Atypical PI3Ks coordinate chemotaxis, signaling dynamics, and multicellular development in Dictyostelium

Phosphoinositide 3-kinase (PI3K) signaling regulates protrusion, polarity, membrane uptake, and multicellular development in Dictyostelium discoideum , but these functions have been interpreted largely through canonical Class I PI3Ks and PI(3,4,5)P₃ production. This framework does not fully explain how PI3K-dependent pathways attenuate Ras activity, organize PI(3,4)P₂-associated polarity states, support cAMP relay, or coordinate development. Here, we identify three atypical PI3K-family enzymes—PikF, PikG, and PikH—as functionally distinct regulators of these processes. PikF constrains Ras–phosphoinositide–actin signaling; pikF⁻ cells show prolonged cAMP-stimulated Ras activation, extended PIP₃ recruitment, delayed PI(3,4)P₂ biosensor recovery, elevated peripheral actin activity, impaired chemotactic precision, and delayed abnormal development. PikG acts through a distinct relay-associated pathway: pikG⁻ cells fail to generate endogenous cAMP oscillations, display disrupted ACA polarity, deposit spatially disorganized ACA-positive vesicle trails, and fail to aggregate.
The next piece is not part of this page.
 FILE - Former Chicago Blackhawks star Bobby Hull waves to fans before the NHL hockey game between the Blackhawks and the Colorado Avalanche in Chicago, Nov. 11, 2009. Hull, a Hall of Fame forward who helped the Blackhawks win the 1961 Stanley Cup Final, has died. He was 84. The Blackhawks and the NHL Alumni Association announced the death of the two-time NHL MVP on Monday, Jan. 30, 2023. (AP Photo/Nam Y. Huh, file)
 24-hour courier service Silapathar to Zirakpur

PikH, in contrast, supports efficient phagocytic uptake with little effect on acute chemotactic signaling. Kinase-dead rescue experiments show that conserved catalytic lysines are required for PikF- and PikG-dependent development and PikH-dependent uptake. Together, our results reveal that atypical PI3Ks diversify the Dictyostelium PI3K signaling toolkit, separating protrusive signal attenuation, cAMP relay organization, membrane uptake, and multicellular development into distinct kinase-dependent modules.